Thursday, March 1, 2012

Turning Around

When I was a kid, my dad used to sing, "Give me 40 acres and I'll turn this rig around," by the Willis Brothers every time my brother or I would take on a task by going about it the long, drawn out, and (unnecessarily) complicated way. As I came to the decision that I would try on the gluten free idea, I imagined it as one of those complicated, awkward tasks that would take me a lot more effort than needed and that would not give me the satisfaction I desired. I was very, very wrong.

First, eliminating gluten has not been complicated at all. True, I am a bagel fanatic, so I have had to eliminate one of my favorite carbs from the safe list of foods. But there's more to life than bagels (or so I tell myself). And I had stopped eating most prepared foods because they made me ill (gee, I wonder why), so that side of the gluten purge was easy.

Second, the difference in how I feel pre- and post-gluten is dramatic. No. Dramatic is an understatement. I feel energized. I feel positive. I feel light. I feel hopeful. I do *not* feel sick. I do *not* feel depressed. I do *not* want to go back to eating gluten. If someone had told me that I would feel this much better, I would never have believed them because this type of reversal is a thing of fairy tales. Or so I thought. I mean, seriously, the amount of energy running through my body almost makes me feel as if I'm tingling...in a good way.

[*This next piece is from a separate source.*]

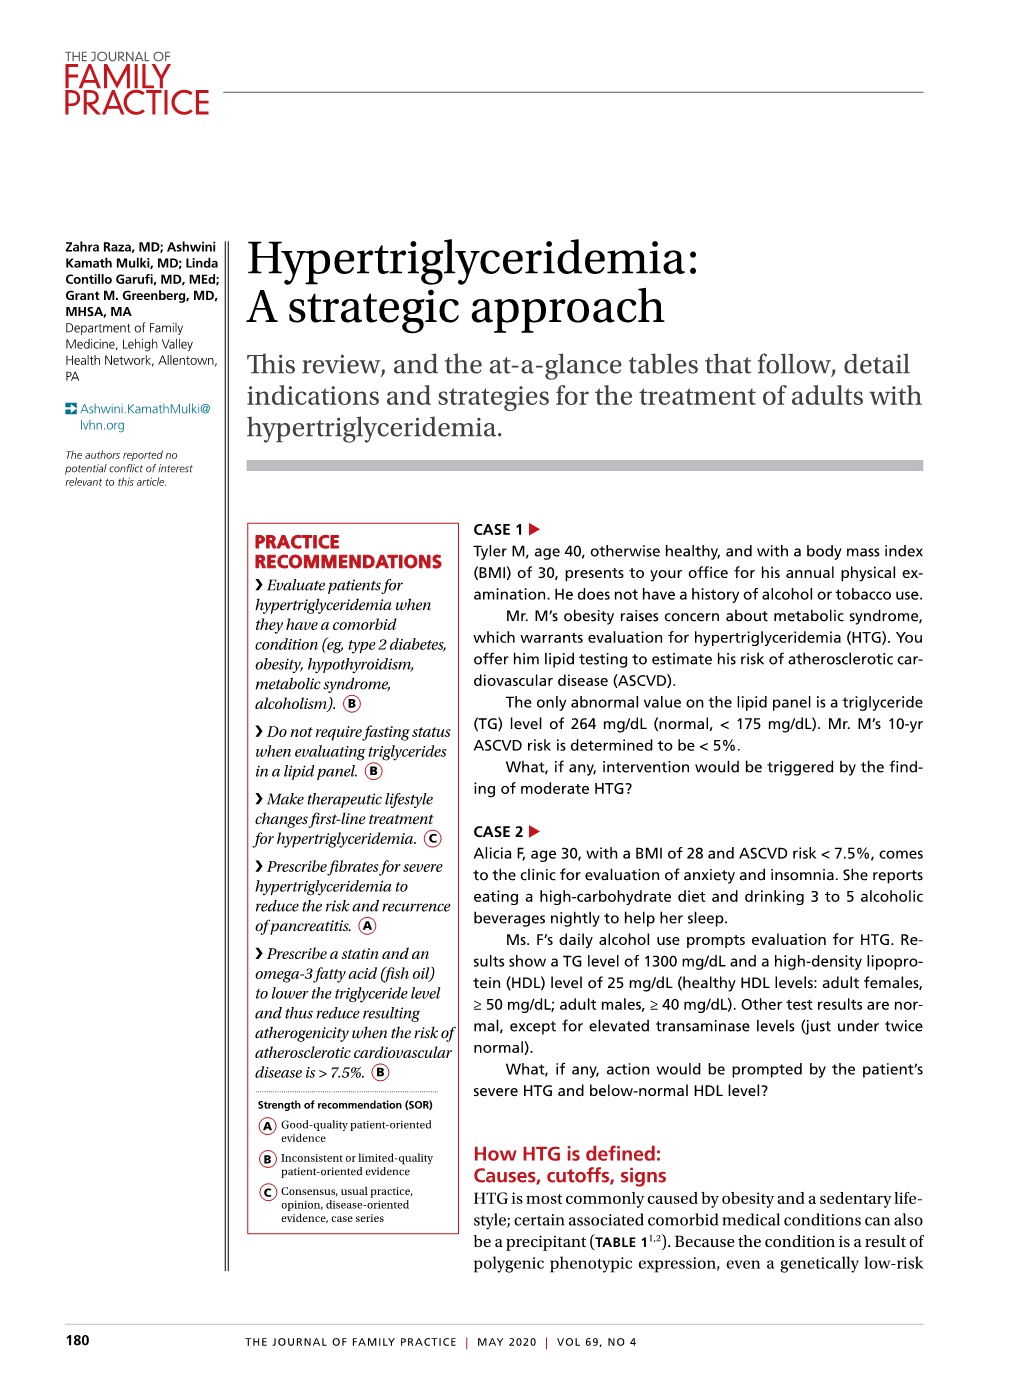 Hypertriglyceridemia: a Strategic Approach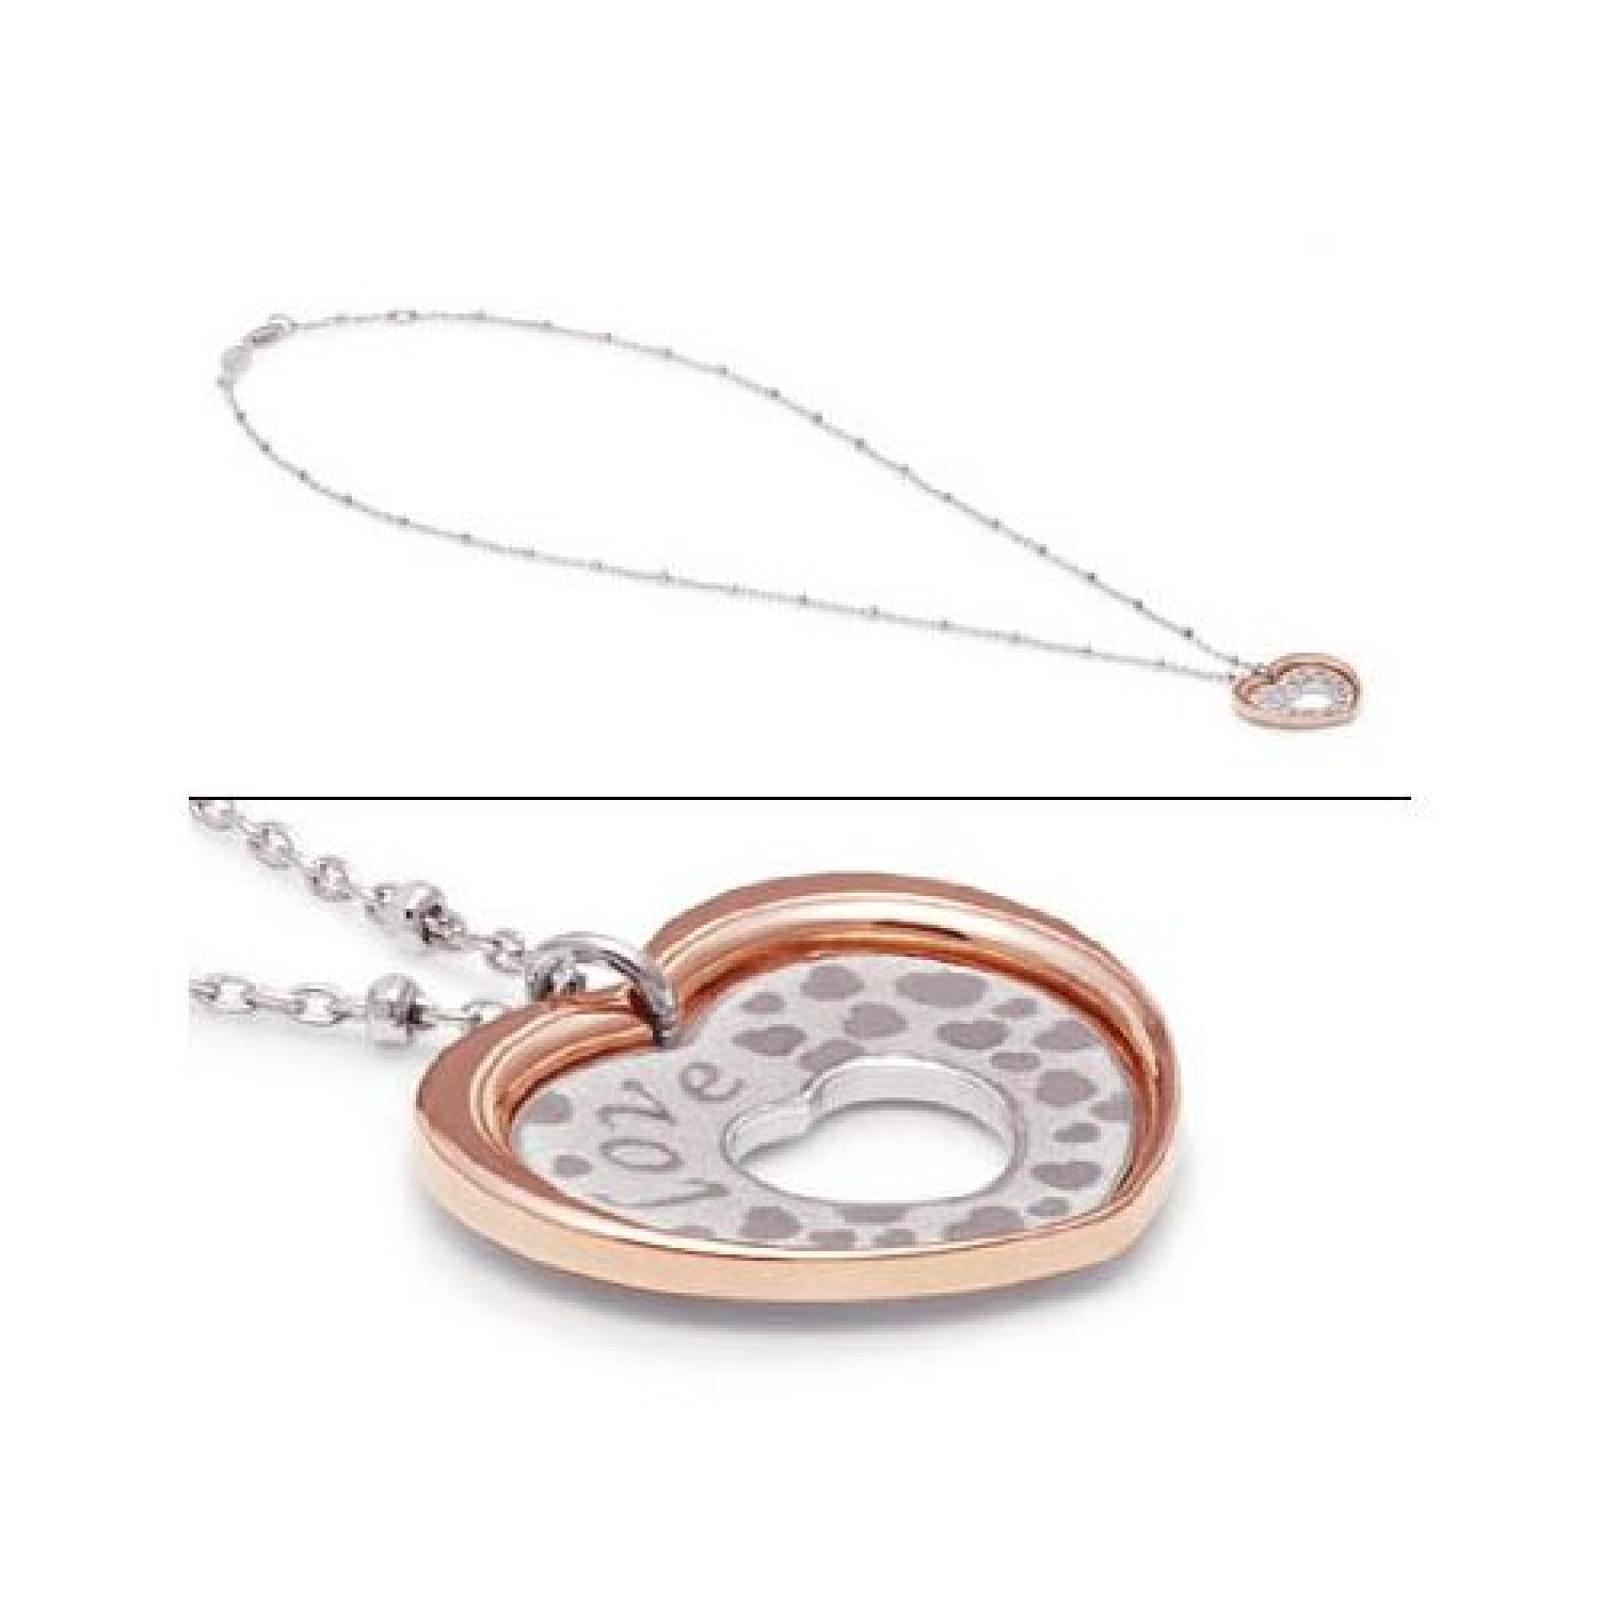 Nomination INCANTO Pendant (HEART) in silver 925 (Heart) 142020-005

I'm still making minor tweaks in what I'm eating so I can have my (gluten-free) cake and eat it, too. For instance, I found some lovely GF crackers that taste just like the whole-grain ones I eat anyway. But, it appears that the chock-full-o-flax-seed contents are not agreeing with me after all. And I've always had a problem with flax seeds, so I need to stay aware since they tend to creep into GF foods. I'm actually testing my diet to be sure it's them, but I'm pretty sure. Today I was able to eliminate that the issues were not a result of the GF pizza crust I made the other day. Excellent news since that crust was pretty darn yummy. Tomorrow I test the fruit/yogurt smoothie, and then Sunday I test the crackers again. You know the old saying, you can take the scientist out of the lab...

At this point, my husband jokingly refers to my "miracle cure" because I talk about how good I feel. All. The. Time. But it's been such a contrast to how bad I felt earlier, that I walk around each day thinking, "Really? This is how people feel? Because this is AWESOME."